**Work order:**
Give the lines below again exactly, starting with the line that holds "People Clipart Walking" and going on through the line that holds "NOFX Vs. Frank".

**Available records:**
______________________________

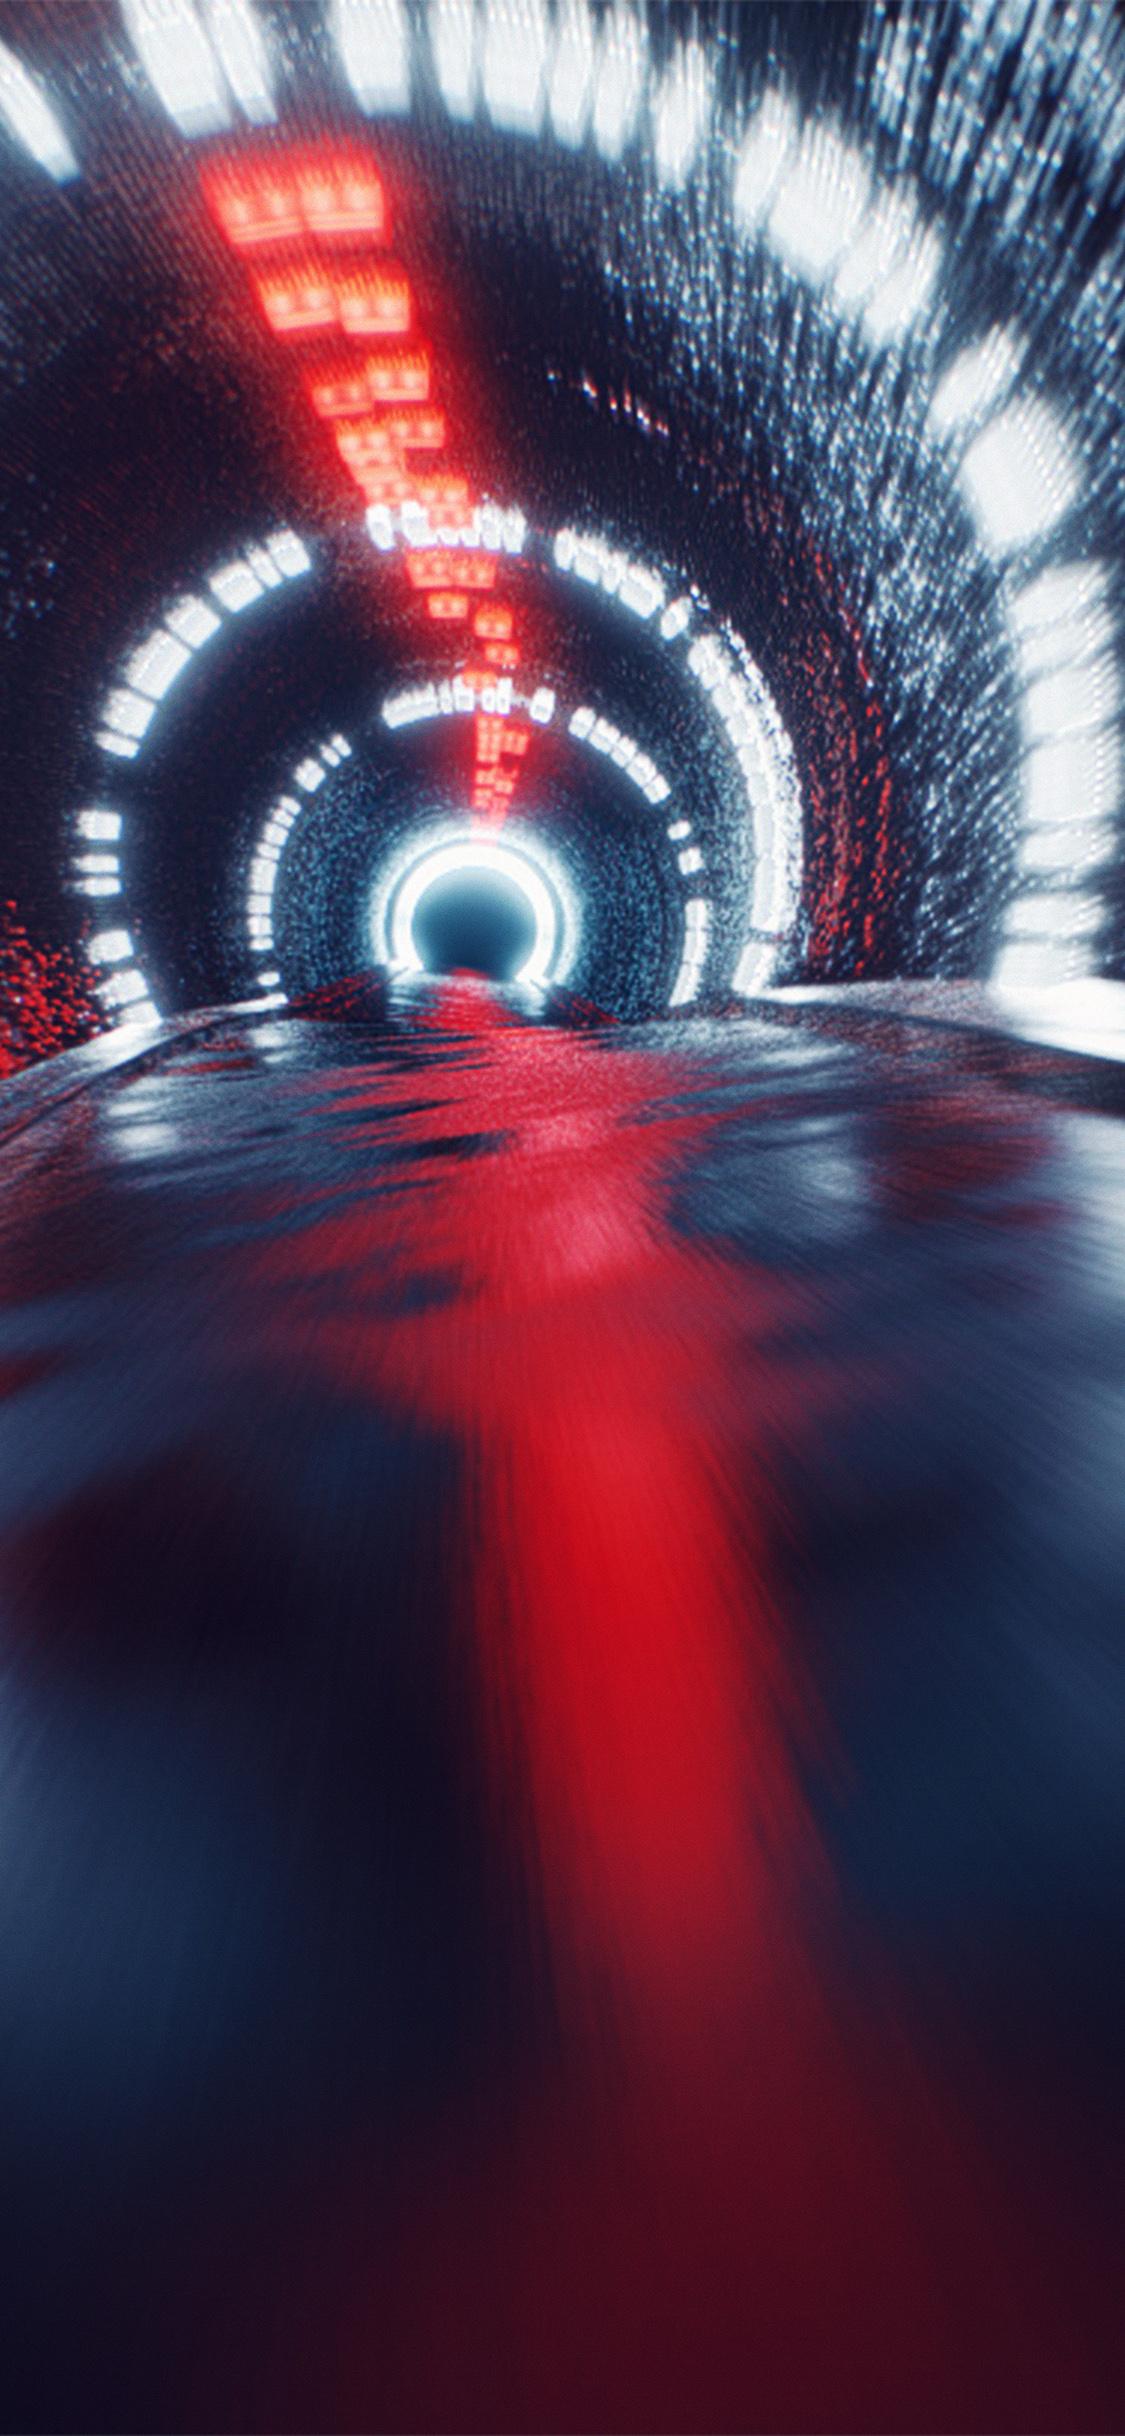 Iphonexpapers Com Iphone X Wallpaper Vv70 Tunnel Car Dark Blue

______________________________

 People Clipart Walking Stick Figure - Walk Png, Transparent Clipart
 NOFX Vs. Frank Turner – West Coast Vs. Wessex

______________________________

**Response for this exercise:**
 People Clipart Walking Stick Figure - Walk Png, Transparent Clipart
 NOFX Vs. Frank Turner – West Coast Vs. Wessex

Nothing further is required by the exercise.